RECORDS TO PROCESS: Begin
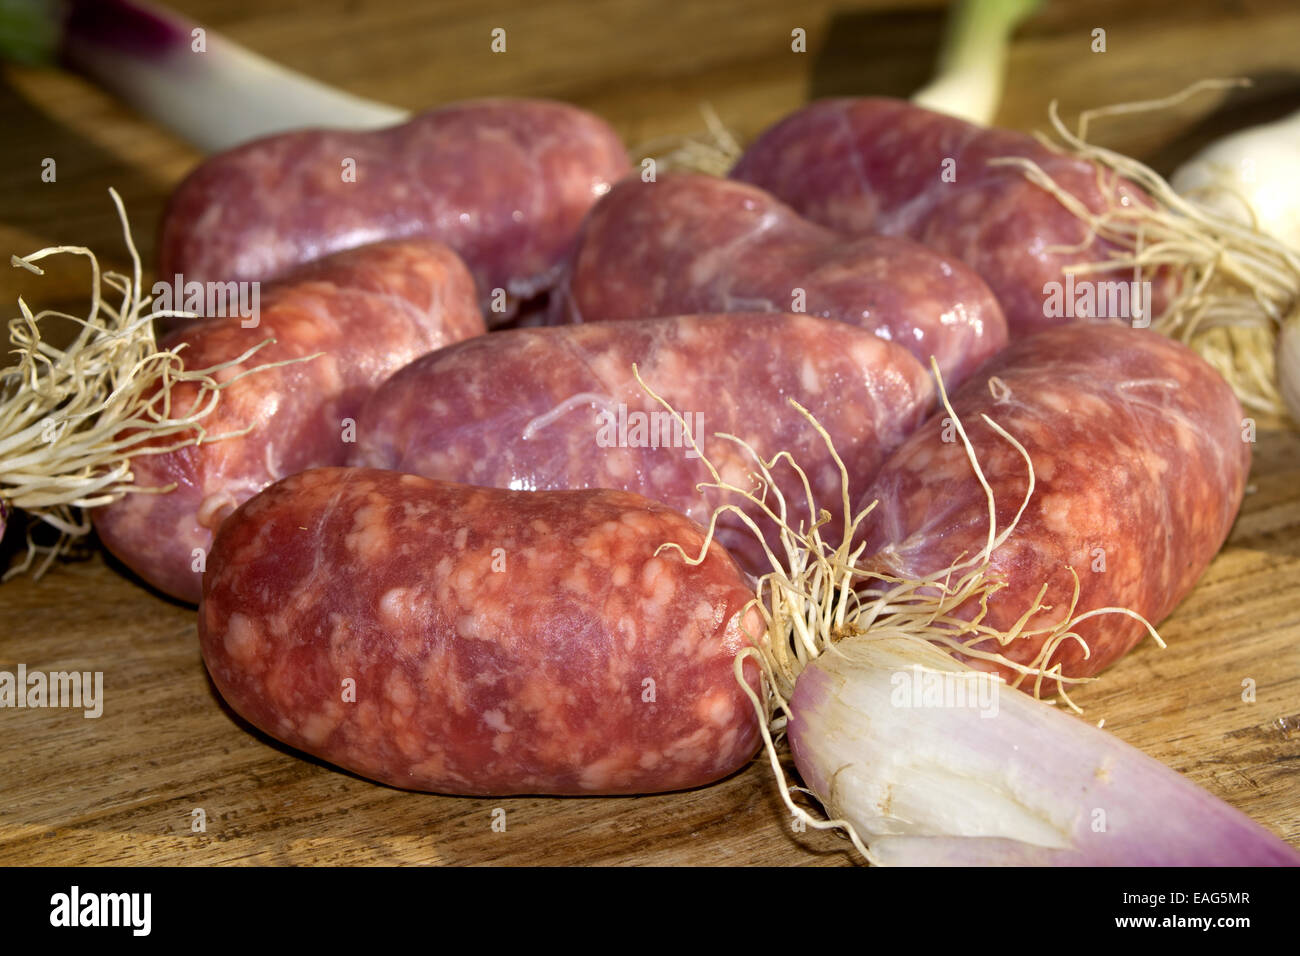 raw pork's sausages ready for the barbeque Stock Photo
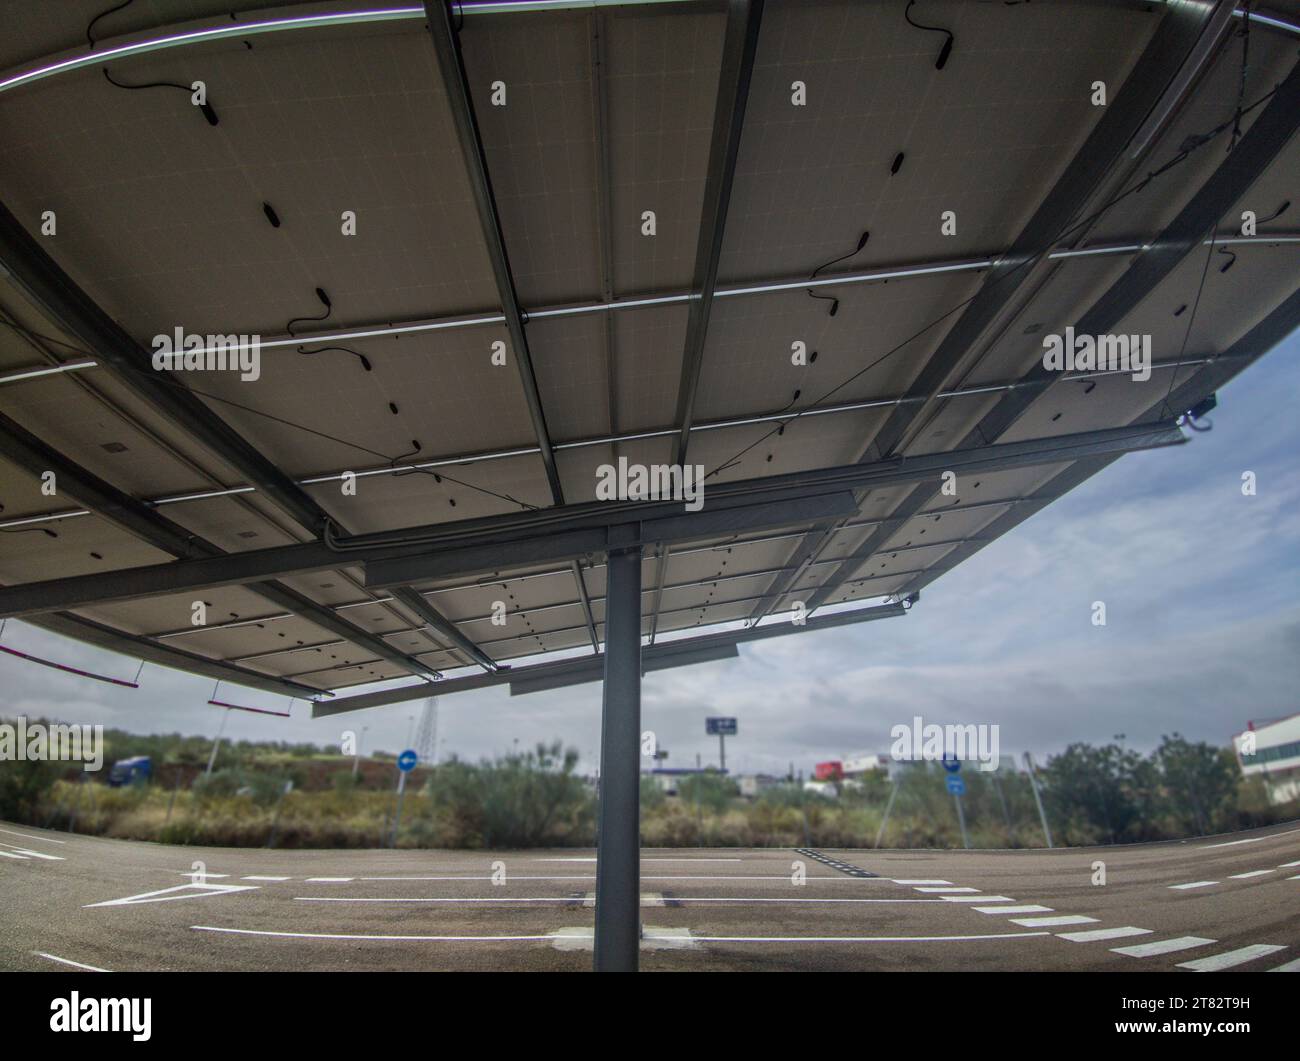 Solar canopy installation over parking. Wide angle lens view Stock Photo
RECORDS TO PROCESS: End
RECORDS TO PROCESS: Begin
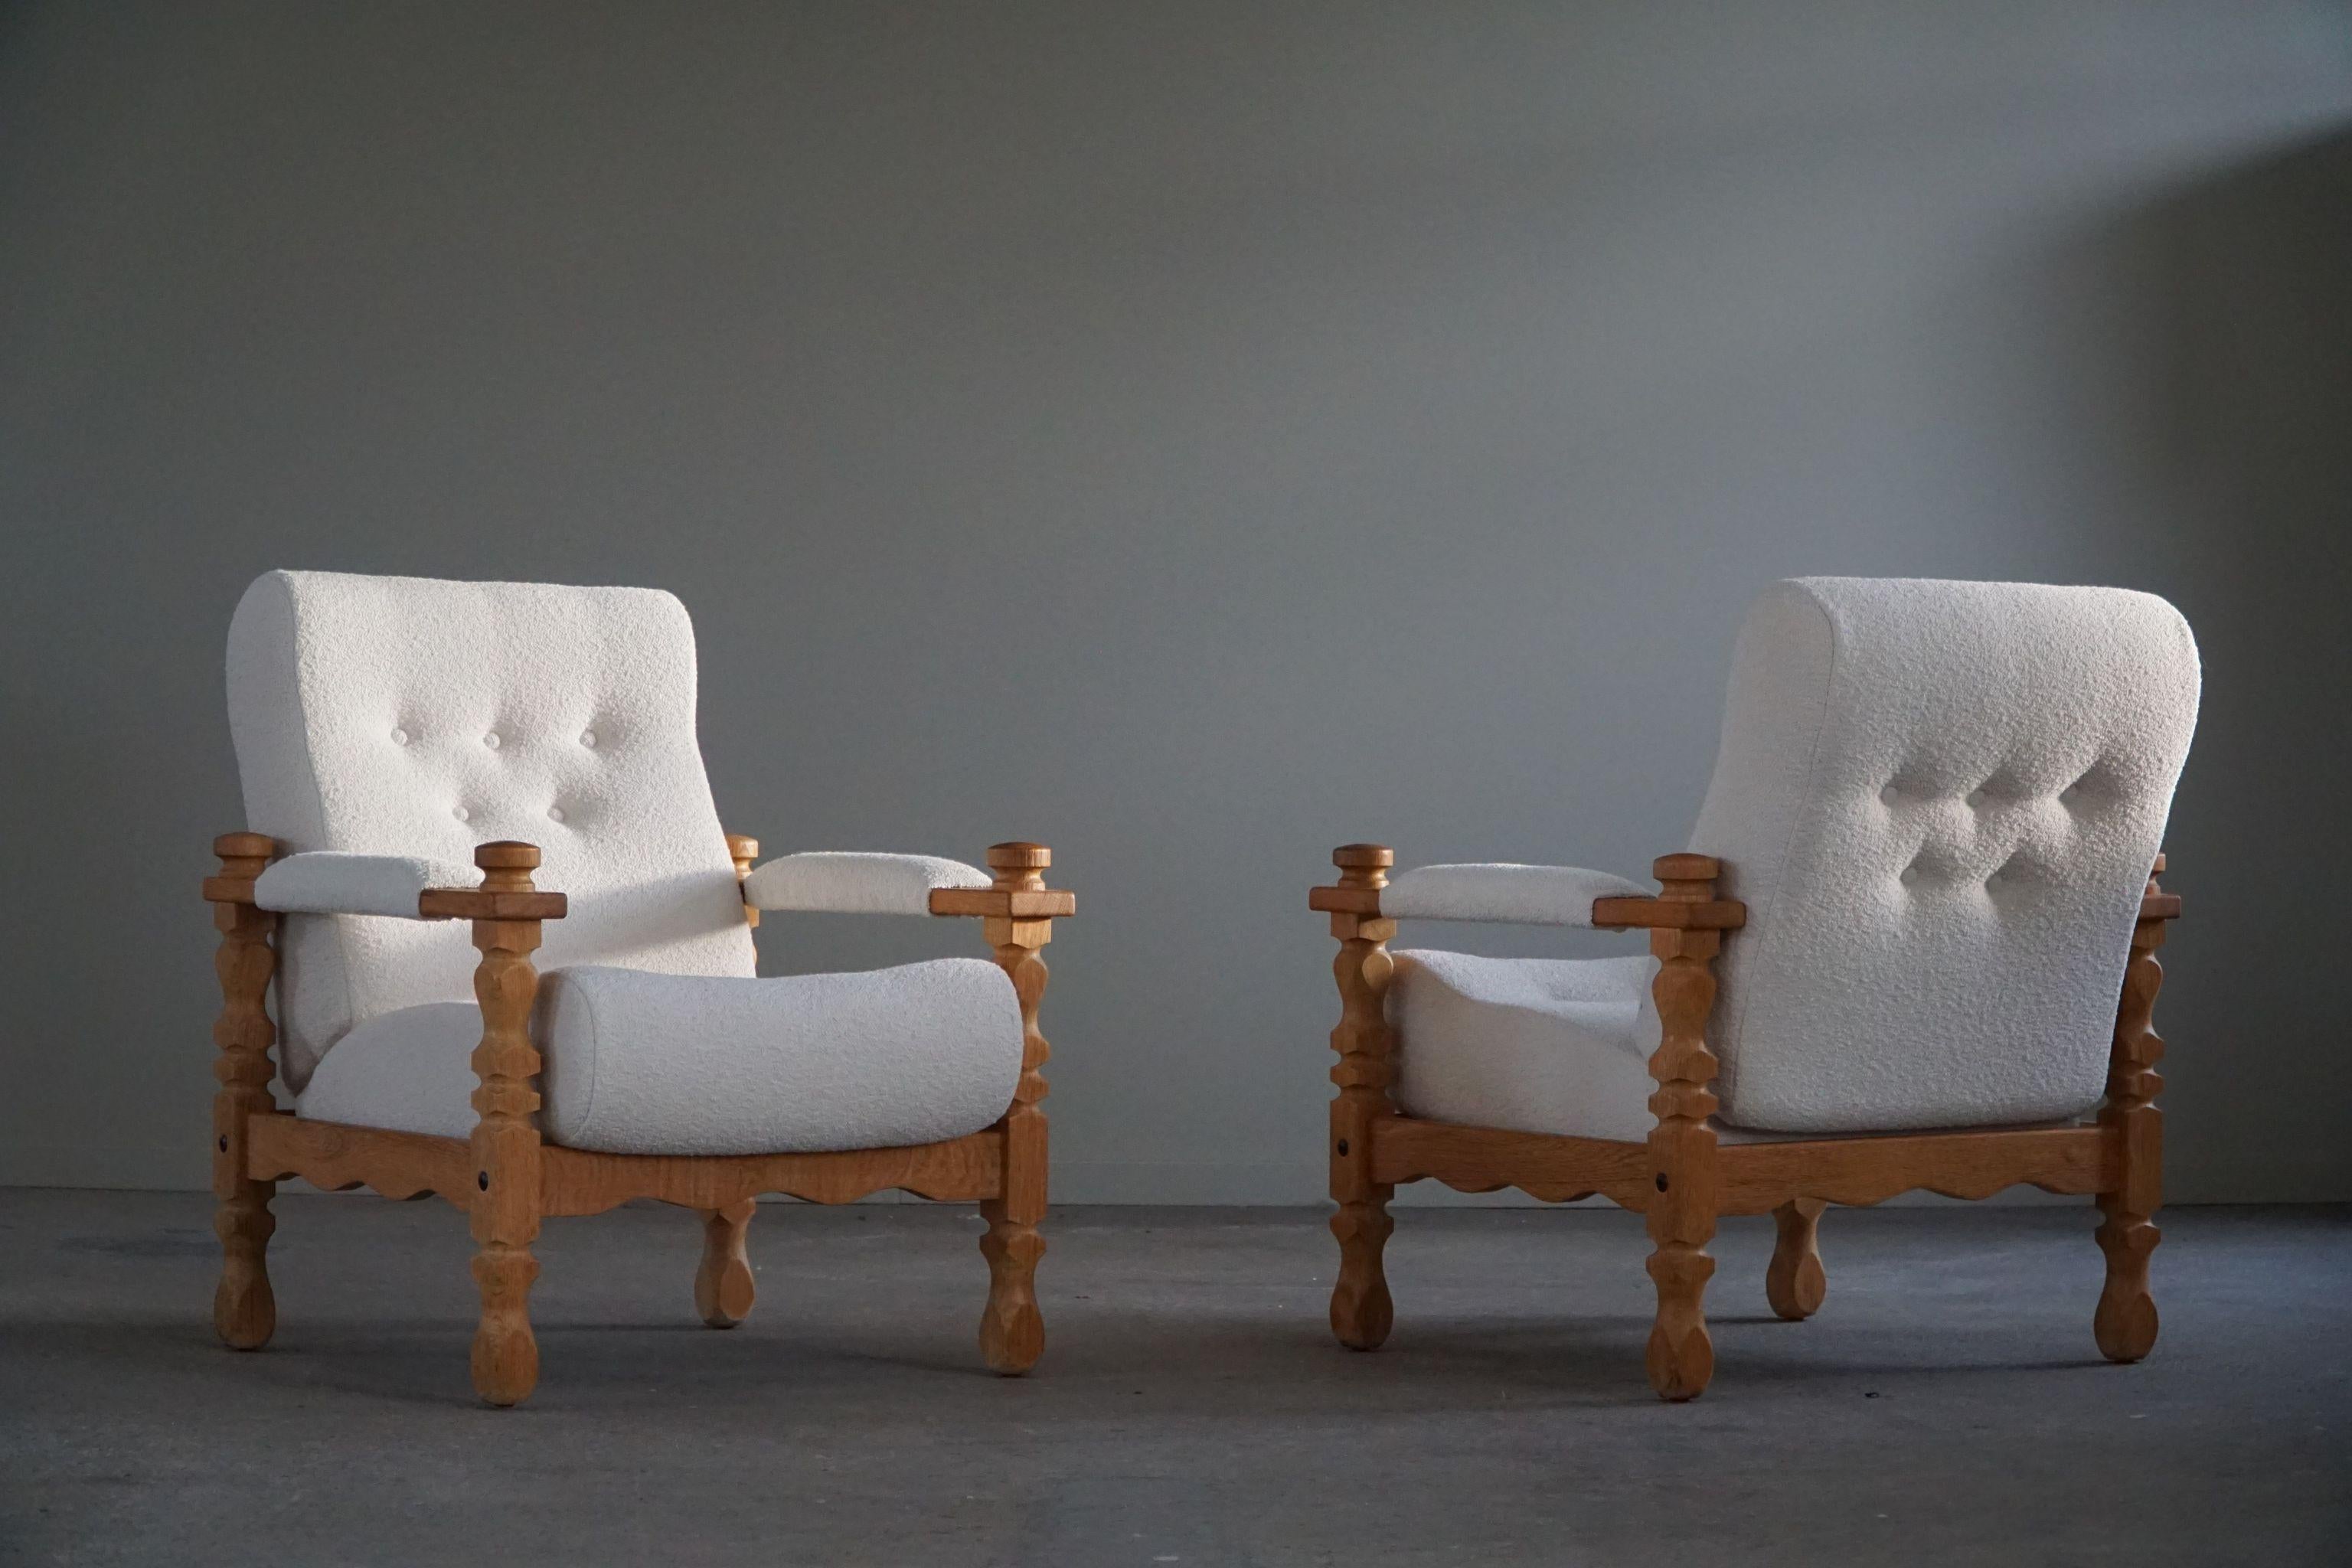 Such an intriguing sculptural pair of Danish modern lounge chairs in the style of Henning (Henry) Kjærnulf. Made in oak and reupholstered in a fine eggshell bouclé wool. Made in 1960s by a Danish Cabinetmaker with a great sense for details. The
RECORDS TO PROCESS: End
_TASK STATEMENT_
Using the records above, return verbatim only the part that opens with the line containing "raw pork's sausages" and closes with the line containing "Solar canopy installation"; pictures stay out.

_SOLVED EXERCISE_
 raw pork's sausages ready for the barbeque Stock Photo
 Solar canopy installation over parking. Wide angle lens view Stock Photo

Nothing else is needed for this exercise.